Ensuring the development of the skills needed for the industrial renaissance

For any reindustrialisation scenario to work, it must “loop” on a certain number of parameters, and not only that of the financing of innovative industrial investments.

The needs will inevitably be significant in terms of infrastructure, and in particular energy infrastructure to support the needs of electrification, the development of carbon-free hydrogen, etc. Again, in order for this need for equipment to fully participate in reindustrialisation, support for innovation in sectors where technological lag has been taken, such as wind power or photovoltaics, will be essential. In the same way as on some of the key technologies related to the industry of the future and decarbonization where a certain delay exists, France must adopt, to say it provocatively, an emerging country mentality. That is to say, to accept that we will no longer be in the lead on certain technologies, and to do in the coming years what China has been able to do very well for the past 20 years.

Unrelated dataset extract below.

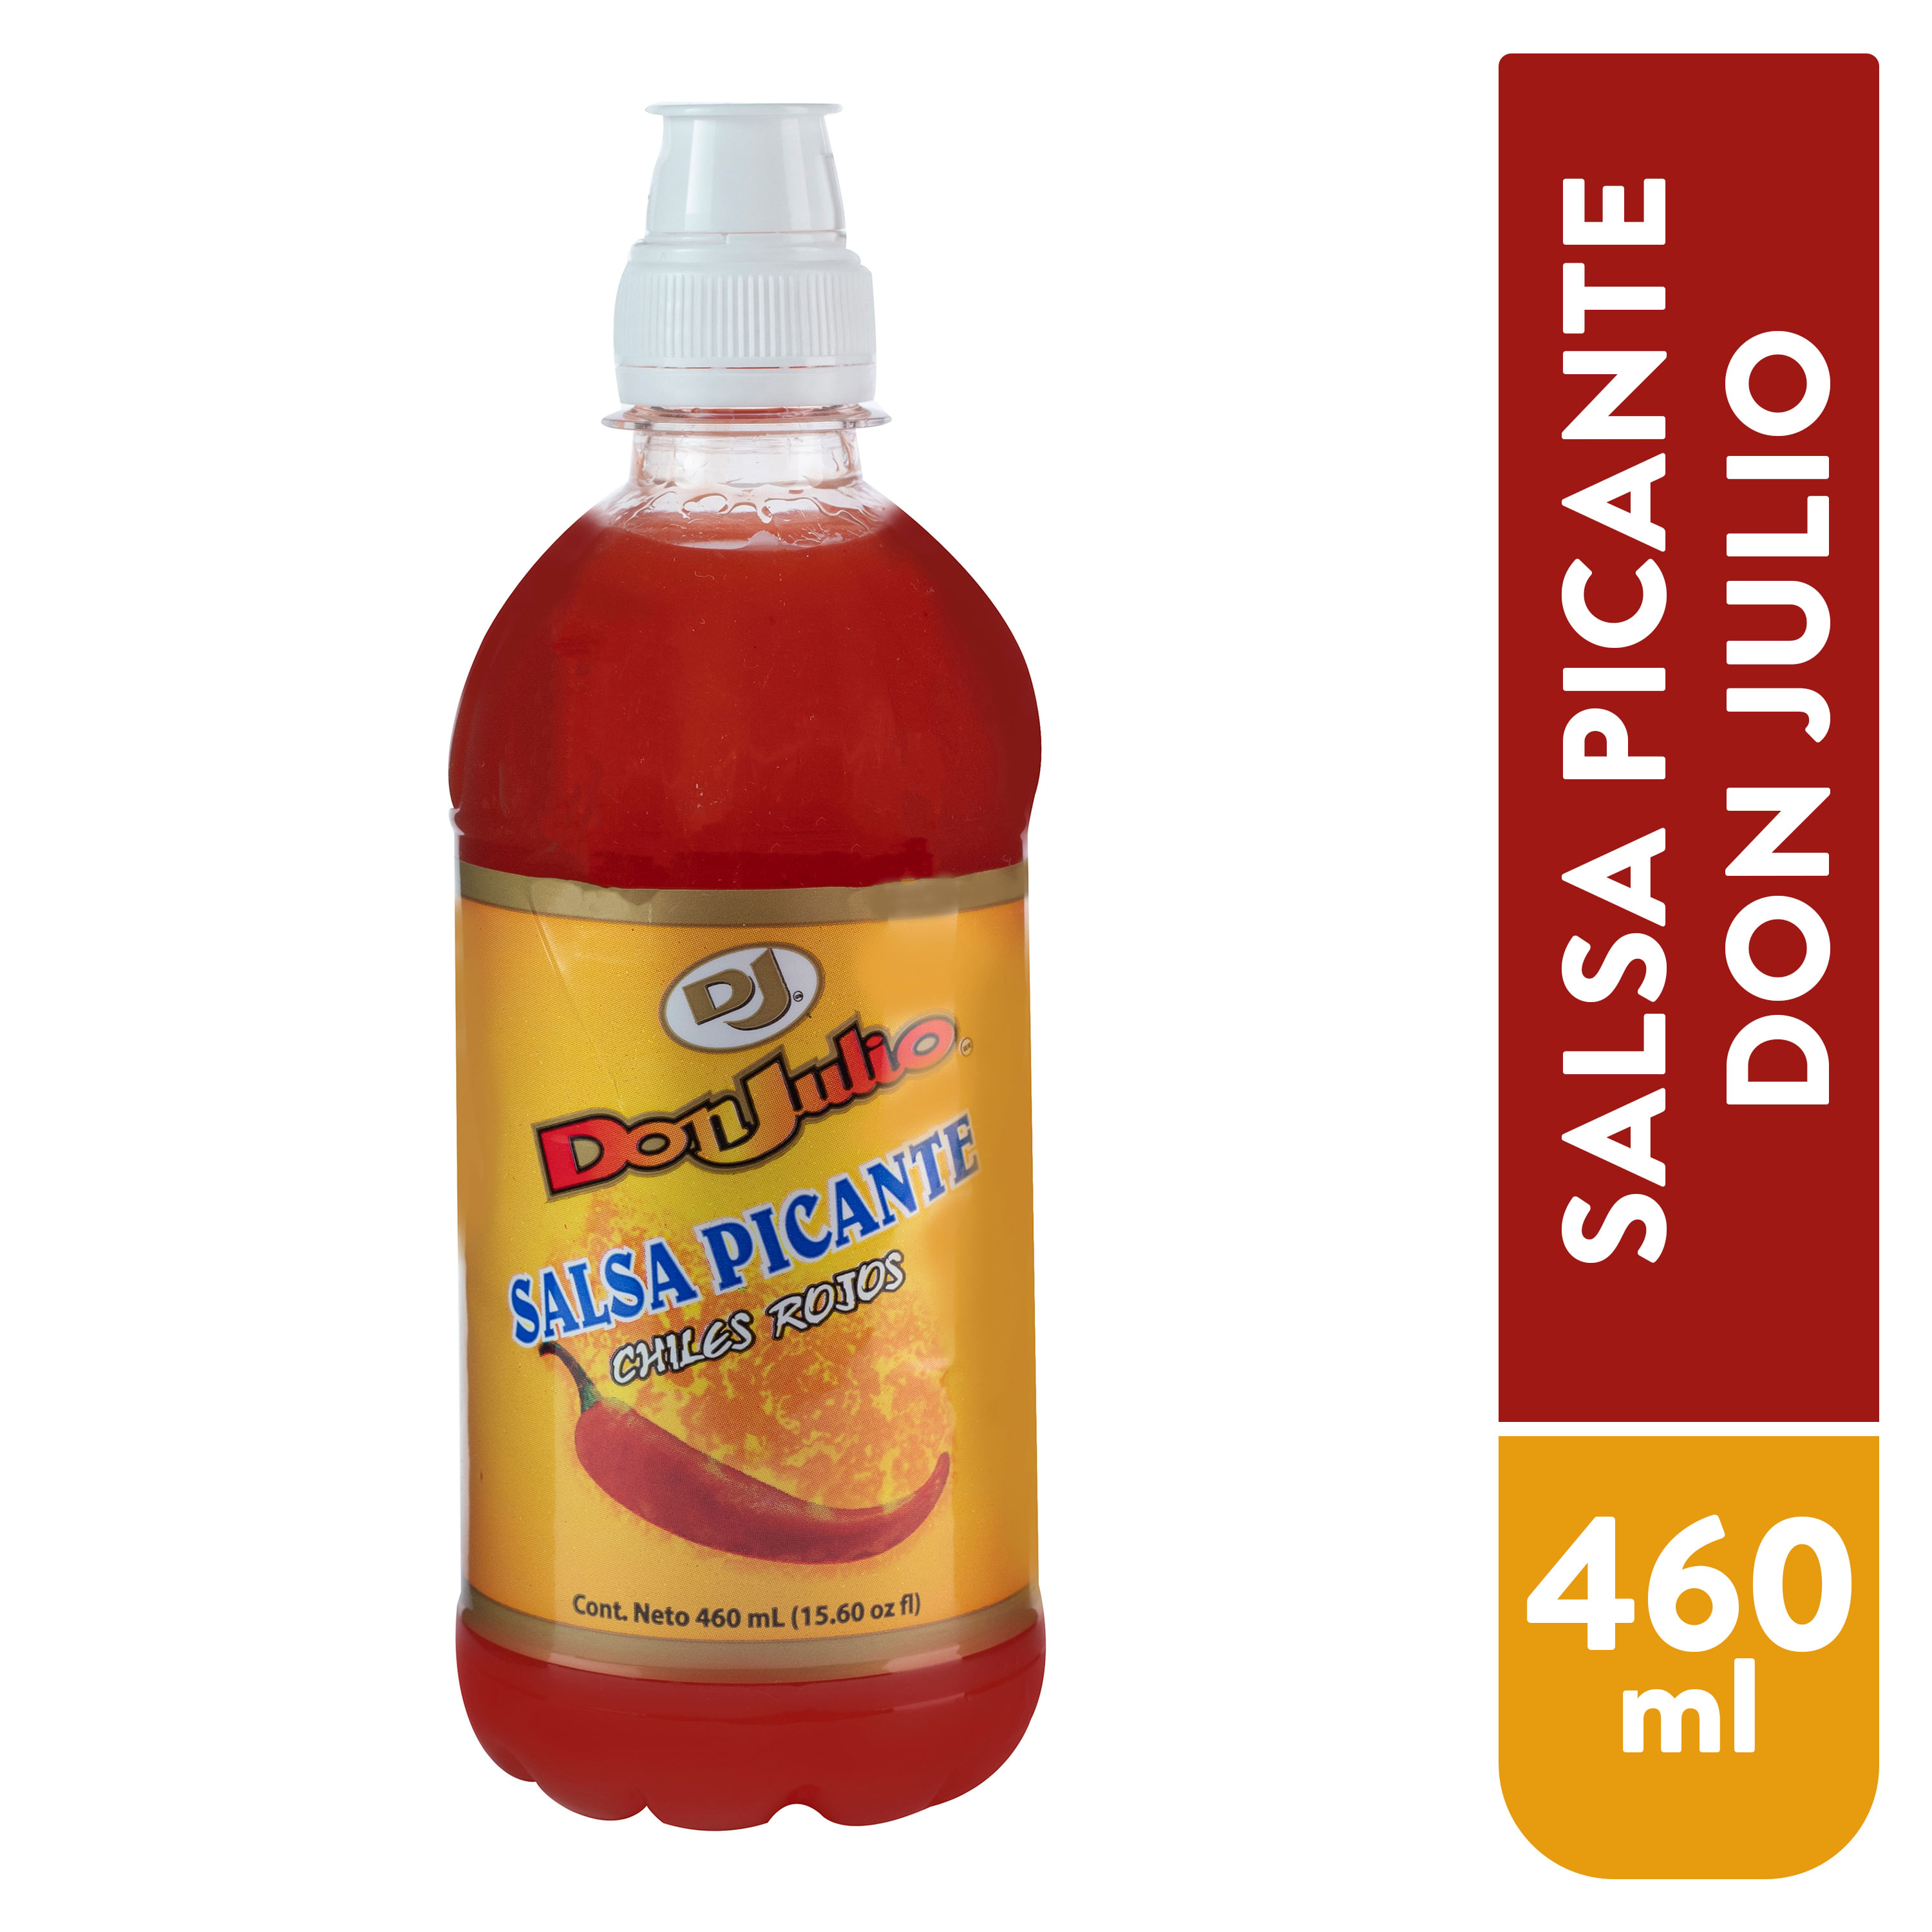 Salsa-Don-Julio-Picante-Chile-Rojo-460Ml-1-2890

Reindustrialization will also require the mobilization of talent, which is essential for industrial sectors to succeed in the challenge of rebounding and innovation. We like to reason about a Bpifrance objective of rebounding the weight of the manufacturing industry from 10% to 12% of GDP by a horizon of around 2035 (i.e. a reindustrialization movement of about 20 years after the opposite movement observed since 1995 and commented on above). We can estimate by a simple calculation that under the conditions of trend productivity of the industry (pre-health crisis), about 400K to 500K additional jobs would be needed in industry by 2035 for the sector to regain more weight in the national production mix. The stakes in terms of skills are therefore considerable. According to a recent study, factors related to the availability of talent and the strength of industrial and innovation ecosystems already account for 22% of industrial investment decisions, close to the burden of costs (28%). The persistent difficulties of recruitment, the unflattering rankings for several years of France in terms of initial training show that the issue of human capital is crucial for our country. And especially in the industry in high demand for cutting-edge technological skills. This requires an unprecedented effort on initial and continuing training, but also on an intelligent migration policy, which we mentioned in a recent study by our think tank, Bpifrance Le Lab. We also strongly believe in improving the attractiveness and image of the industry, which are essential elements to stimulate the training of current and future French workers.

All in all, the efforts to be made to revive our industry are significant and will require patience and consistency over the long term. Deindustrialization took several decades to take place. Reindustrialization will do the same. The forces for the regeneration of our industrial fabric are already present and it is our duty to public authorities, entrepreneurs, employees and citizens to mobilize for this great cause for our economy and our society.